# broad heads?!



## flyfisher117 (Jun 29, 2009)

im looking for broad heads for next years hunt... it will be my first year of archery so i want one that will create a nasty blood trail so if needed its easy for me to folow

i live/hunt in idaho so i cant shoot expandables and i would like it to be a 100 grain

what do you all shoot


----------



## fixed blade XC-3 (Sep 11, 2007)

G5 montec, you can't go wrong. Make sure you don't have over a 80% let off, I believe that's still illegal too.


----------



## flyfisher117 (Jun 29, 2009)

im not totally sure how you know what your let of is set at but i dont think i do...

and if and when i reshapren the g5's can i use any broad head sharpener or do i have to buy montecs sharpener thats made for the g5's? ive been looking at them


----------



## fixed blade XC-3 (Sep 11, 2007)

flyfisher117 said:


> im not totally sure how you know what your let of is set at but i dont think i do...
> 
> and if and when i reshapren the g5's can i use any broad head sharpener or do i have to buy montecs sharpener thats made for the g5's? ive been looking at them


 :|

For the sharpening I found best just to run them on a flat stone.

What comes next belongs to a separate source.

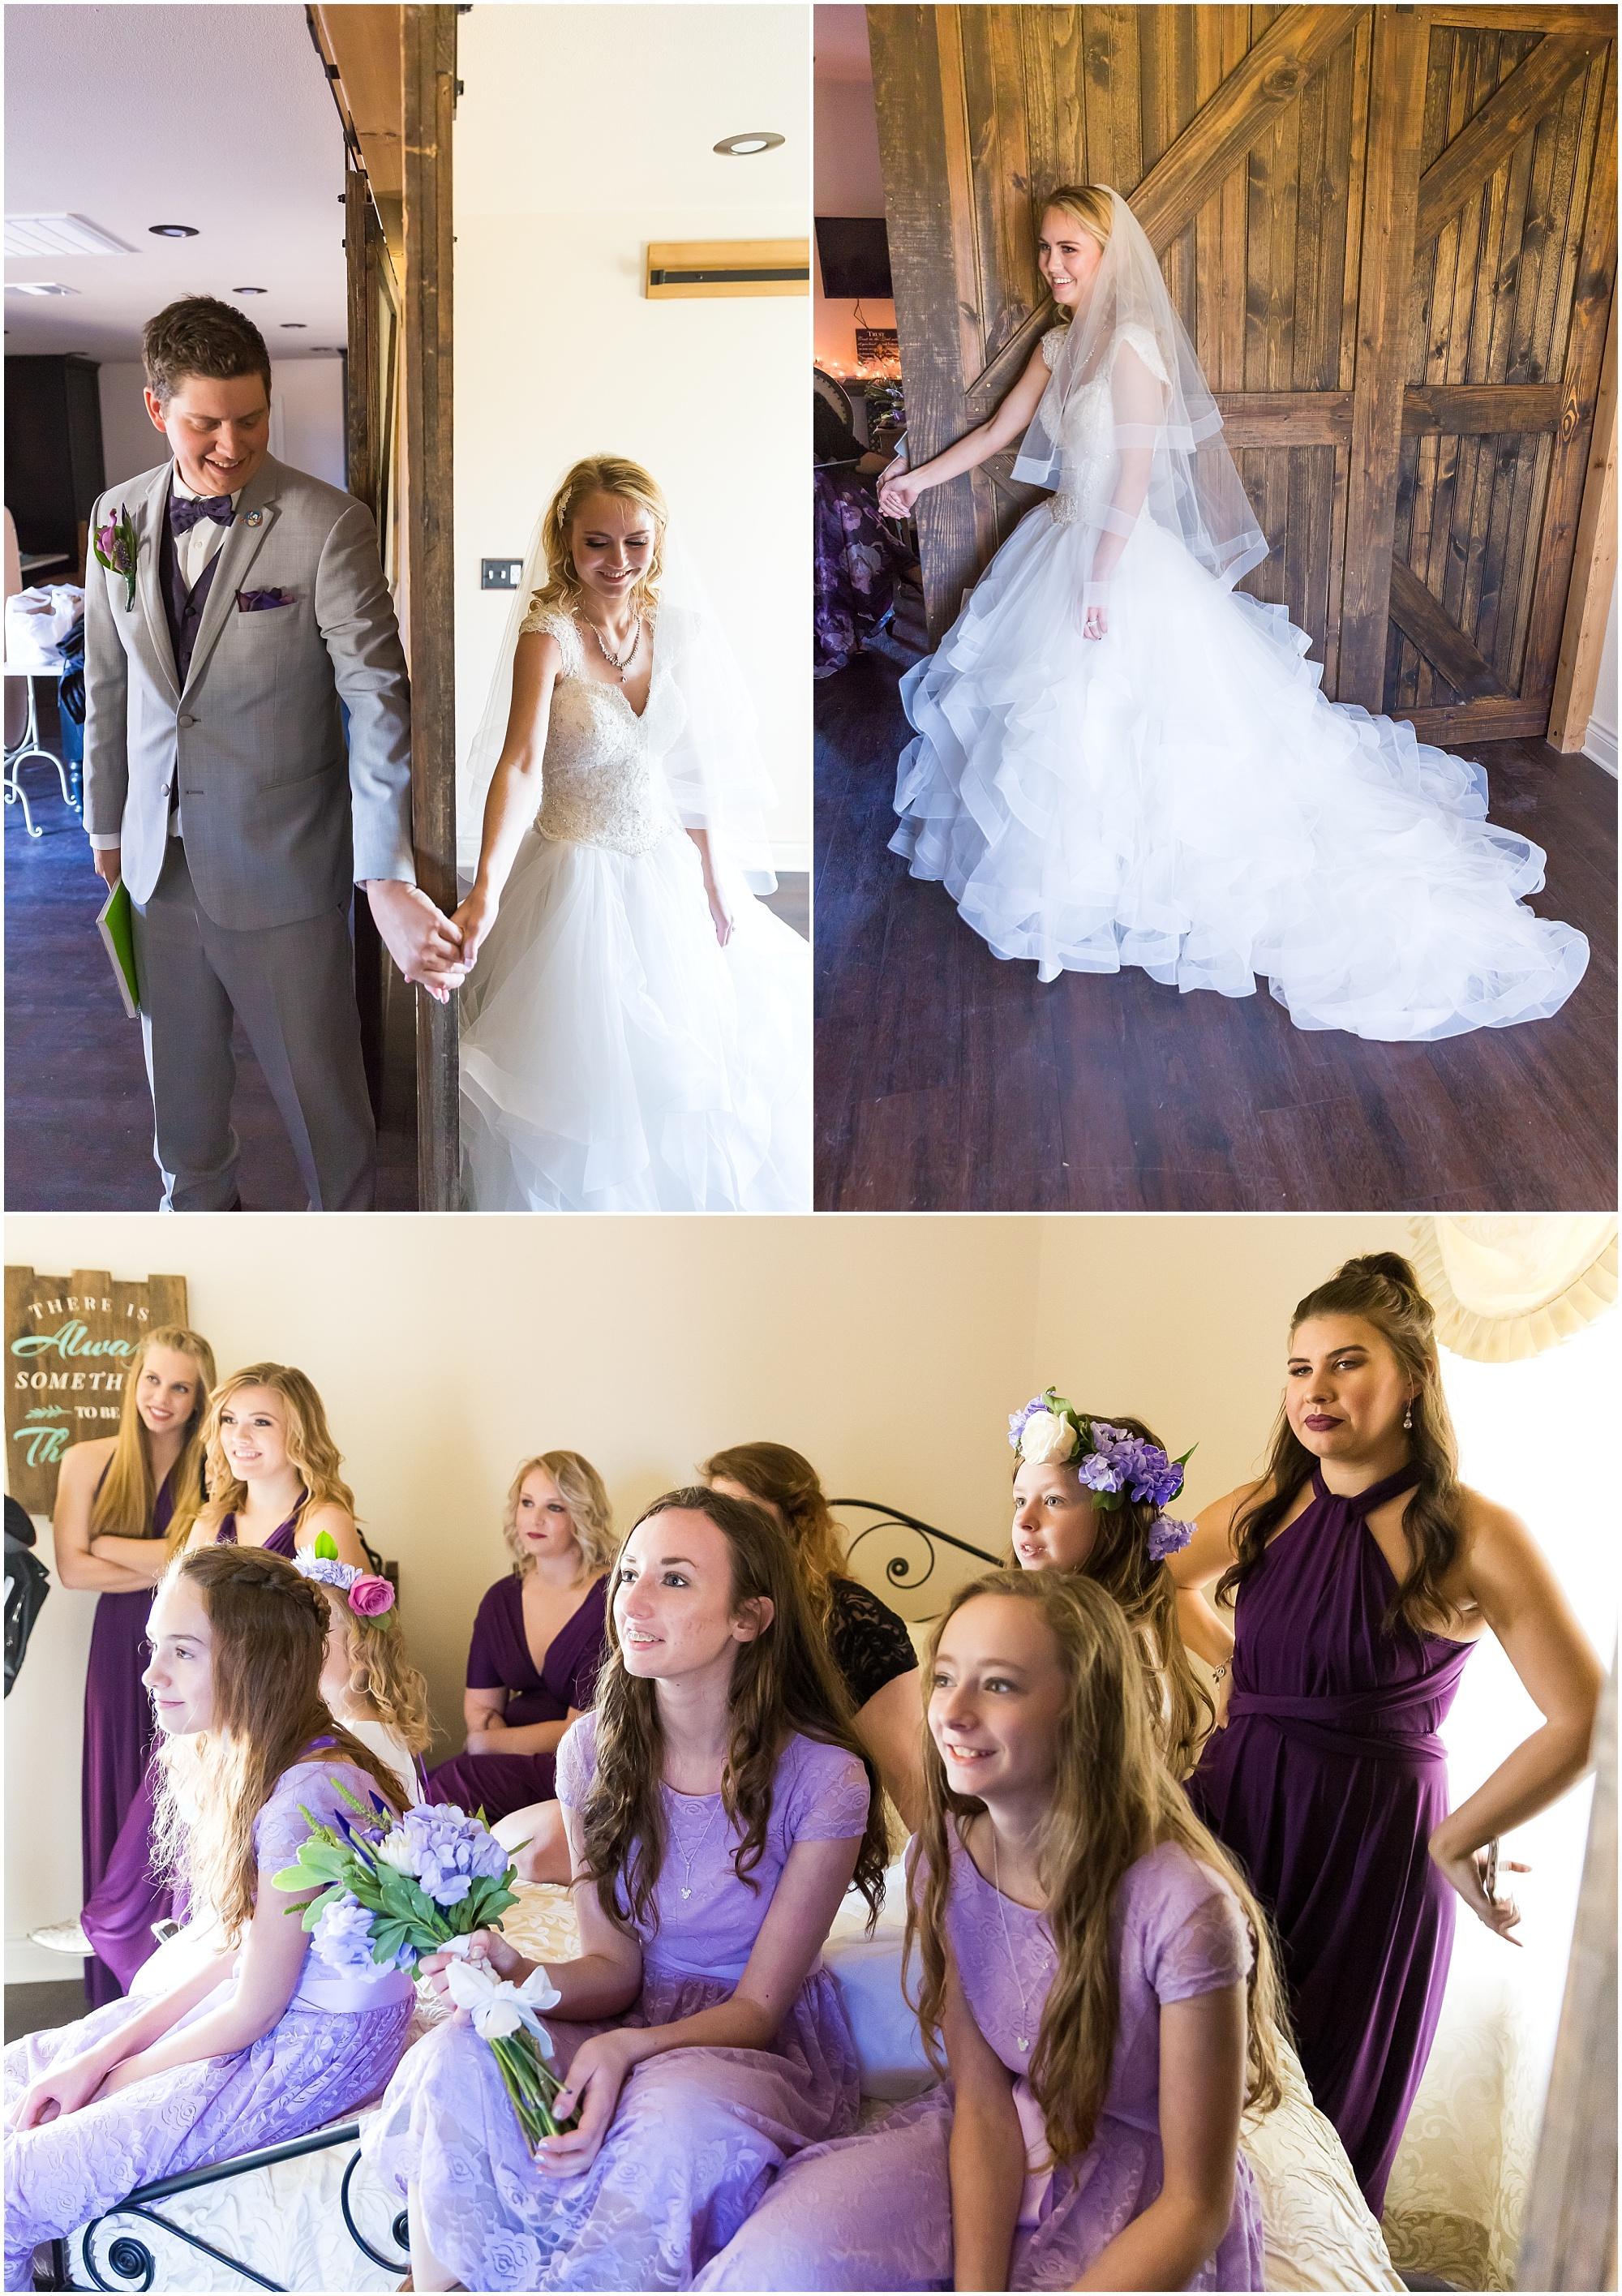 Disney-Inspired-Wedding-Central-Texas_0027.jpg

You can look on your cams. I believe Idaho's let off standard is 65% which makes no sense to me. I could be wrong.


----------



## flyfisher117 (Jun 29, 2009)

fixed blade said:


> flyfisher117 said:
> 
> 
> > im not totally sure how you know what your let of is set at but i dont think i do...
> ...


hmmm have to learn how to do that..or buy a special sharpener


----------



## fixed blade XC-3 (Sep 11, 2007)

It's pretty simple. You just set two of the 3 blades flat on the stone and push up. Then rotate the blades and repeat. It's so easy even a cave man could do it.  Or you could just save you practice broad head for turkeys and buy a couple of new ones before the hunt. Dull broadheads are excellent for turkeys in case you didn't know.


----------



## flyfisher117 (Jun 29, 2009)

fixed blade said:


> It's pretty simple. You just set two of the 3 blades flat on the stone and push up. Then rotate the blades and repeat. It's so easy even a cave man could do it.  Or you could just save you practice broad head for turkeys and buy a couple of new ones before the hunt. Dull broadheads are excellent for turkeys in case you didn't know.

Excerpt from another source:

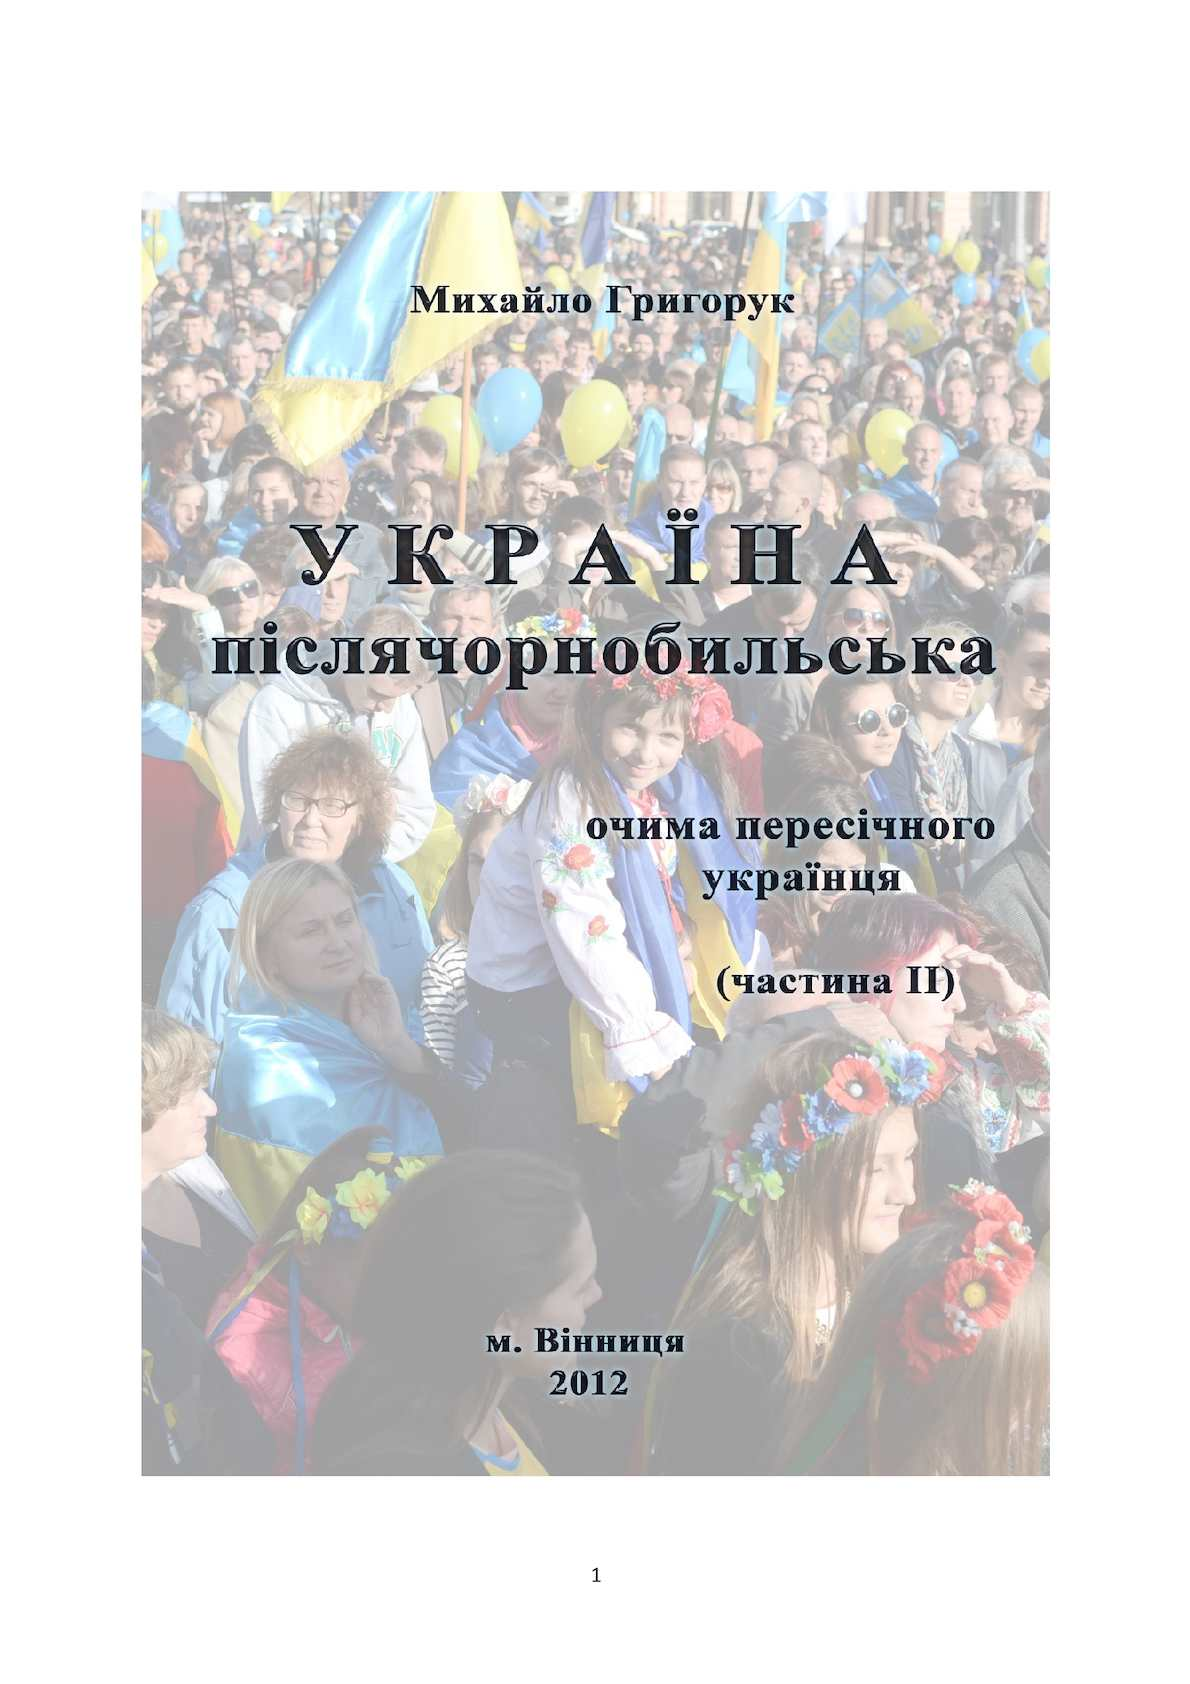 Михайло Григорук. У К Р А Ї Н А післячорнобильська Частина II

yea ill just a sharpener like this
http://www.cabelas.com/cabelas/en/templ ... hasJS=true

the only stones i have are pretty course


----------



## alpinebowman (Sep 24, 2007)

I use the rocky mountain titanium's and they are awesome. I have tried others but they flat out crush trough stuff. I hit my deer this year right in front of the shoulder and went completely through the backbone and it stopped under the opposite shoulder and dropped him in his tracks from 40 yards. After that I put new blades in it and it was still shooting out to 100 yards. Check them out they used to be some of the more expensive heads and now are on the cheaper side at $33 for 3


----------



## dkhntrdstn (Sep 7, 2007)

G5 strikers.or muzzys.Both are great broad heads.


----------



## LETTER-RIP (Sep 14, 2007)

sonic 125 grain is what i shoot. i shot my elk this year through both of his front shoulders. my broadhead was just under the skin on the exit side. they fly like a field tip and have awsome penatration. dont let the size of them fool ya.


----------



## flyfisher117 (Jun 29, 2009)

LETTER-RIP said:


> sonic 125 grain is what i shoot. i shot my elk this year through both of his front shoulders. my broadhead was just under the skin on the exit side. they fly like a field tip and have awsome penatration. dont let the size of them fool ya.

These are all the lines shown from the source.